Jean had spent a week in his room out of fear someone would recognize him. He knew he was being foolish; he had a beard now and didn't look anything like the picture on the poster. He was sick of being cooped up and decided to visit the lovely Frenchwoman he'd met a week before. He would avoid the drug store.
He was strolling down 16th Avenue when he saw Marian Dawes exiting the shop. He changed his plans and began to follow Marian. He saw her stop in front of the dry goods store, where a man was waiting for her. He had a full mustache and his hair was streaked with gray. Marian put her arm through his and they walked to the train station.
He saw them board a train and Jean asked the ticket clerk where the train was going.
The man looked up and said, "High Bend."
Chapter 44
Tom Beasley had taught Hannah how to drive the carriage, but James wouldn't let her go alone. There was a rough, wooded stretch between the ranch and High Bend, and James didn't like the idea of a young woman, or any woman for that matter, riding through it alone. Ruffians had been known to lie in wait for unsuspecting travelers there, so, James would accompany her when she went to town. Hannah resented being treated that way, but she also understood the rules of society. Even if the road had been safe, James still would have accompanied his unmarried niece to town.
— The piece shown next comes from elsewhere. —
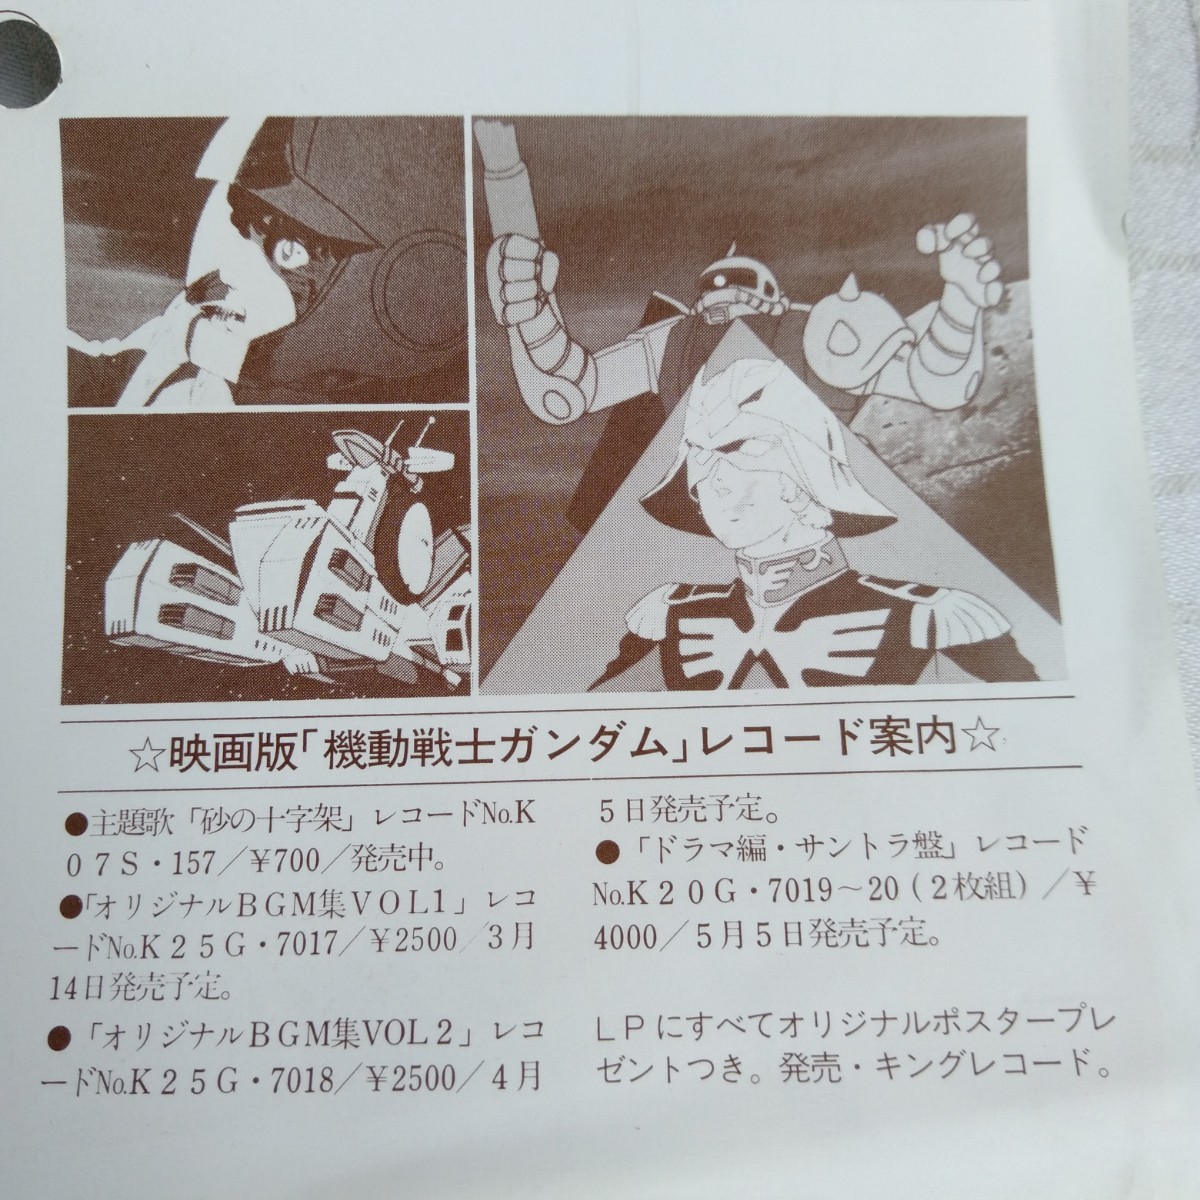 ya287 MOBILE SUIT GUNDAM SPECIAL SOUND EFFECT DISK Mobile Suit Gundam эффект звук сборник запись LP EP какой листов тоже единая стоимость доставки 1,000 иен воспроизведение не проверка

It was getting harder for Hannah to accept the restrictions placed upon her by society. She didn't blame James for adhering to them, nor did she feel animosity toward her mother when she told Hannah that once she married, she would have to put her painting aside to raise children. Marian told her a man expected certain things from his wife, and while painting was a nice hobby for wealthy women with servants, a girl in Hannah's position didn't have hobbies. More than likely, Hannah would have the sole responsibility of caring for her children and keeping her house. Before Mr. Ross lost her money, Marian had felt differently. Hannah would have come out in Philadelphia and met a man suited to a girl in her situation.
As Marian resigned herself to Hannah's station in life, she asked Becky to teach her the womanly arts in preparation for that day when she would marry. Hannah had been raised by Becky and had heard her women's suffrage speeches all her life. She had spent hours in Becky's kitchen watching her cook, clean, can, and organize. During those long days of summer when she wasn't at the beach with John Liberty, Hannah stayed in the kitchen helping Becky. She believed she would marry John one day, and his parents were not rich.
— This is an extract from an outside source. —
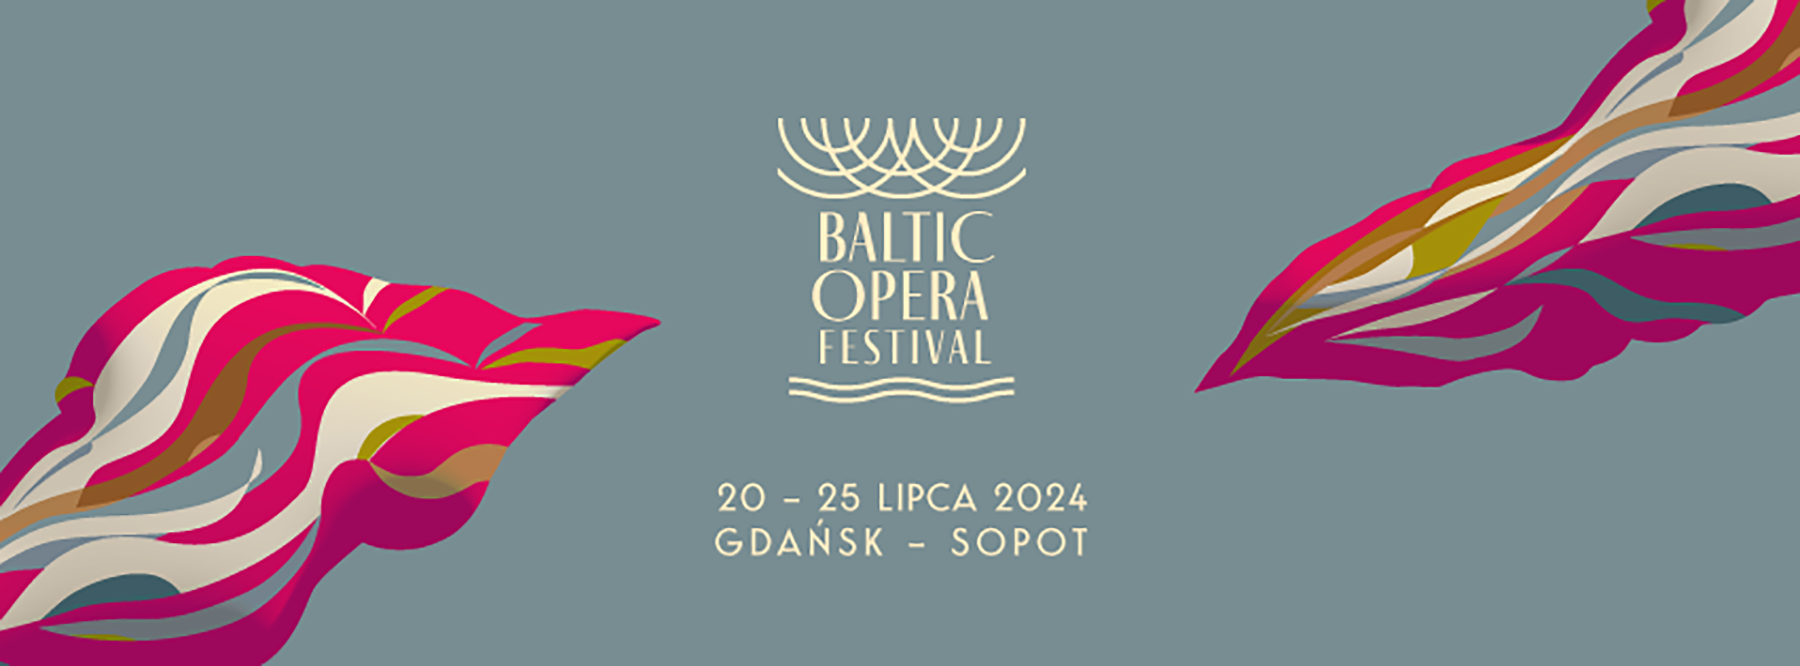 Baltic Opera Festival ogłasza daty i program tegorocznej edycji

"You'll be raising your own children if you marry that man," Becky told her when young Hannah boasted she would marry him even if she had to ask him herself. "You'll be doing just what I'm doing, so you might as well do it right. I want you to know, though, you don't have to marry at all. A woman is perfectly capable of taking care of herself."
This news contradicted everything the girl had been taught since birth. Women who took care of themselves were usually prostitutes or spinsters. They were poor women who were looked down upon by society, or were ridiculed and abused by men. Hannah was expected to marry, and at eleven, she was eager to be John's wife.
At eighteen, however, she saw things differently. She wasn't going to marry unless the man shared her dreams. He would have to be educated and understand that her painting was important to her. She would have a child, of course, but Louise, who had been introduced by Margaret Mason to some bohemian artists living in a Point Pleasant, New Jersey artists' colony, told Hannah that one of the women, a free spirit named Sylvia, had told her it was possible to prevent a child from being conceived. Hannah had been shocked. It was scandalous to discuss such things, but Louise had been exposed to people who lived the way they chose, and it had changed her. She laughed at Hannah's astonishment and assured her it didn't make her a fallen woman just to hear about conjugal relations.